I don't deserve to be a part of your life-" he replied

"what do you mean Solomon?" I asked

"I hurt you and I'm not going to make that mistake again- so stay with Madoka-" he replied

"but I want to be with you-" I replied

"Not this time Levi- but maybe you'll see me again in the future-" he replied

"then- can we be friends at least?" I asked

"I like that Levi- and I hope someday we be more-" he replied

we'll get married and have a child again

my eyes widened- hearing that

I wanted ask him about it but he disappeared

and I was alone again

what exactly was our past?

how many times did Madoka die?

and how many times did I forget everything?

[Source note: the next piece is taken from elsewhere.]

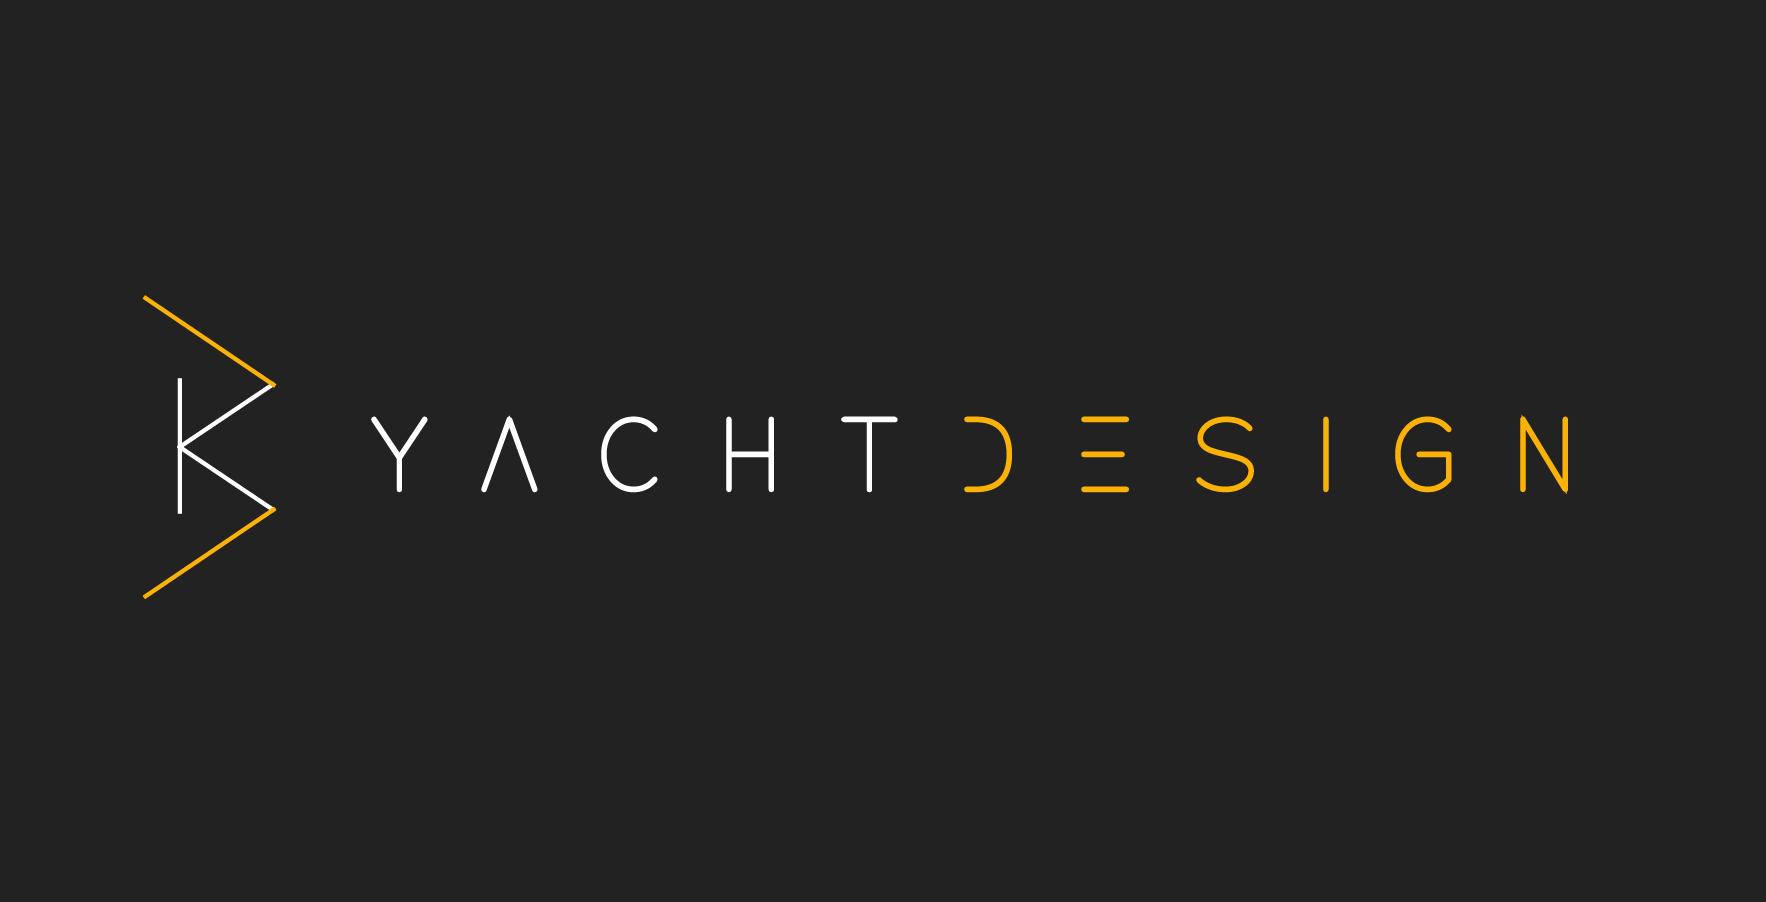 BK YACHT DESIGN_LOGO

and Madoka was meant to be my soulmate

no that didn't seem right- it's Solomon I know it- but I can't be with him- but maybe things will change- and maybe I can't remember everything but there has to be a good memory in there right? I want to remember how we first met and our first kiss- I feel bad for forgetting- and I was excited about there being a human but I completely forgot about Solomon how could I forget? everything was gone- as if he never existed- and I did forget about Madoka too- but- if I could choose

I choose Solomon- who was Madoka anyway?

but for some reason it hurt- I didn't understand isn't it Solomon I love?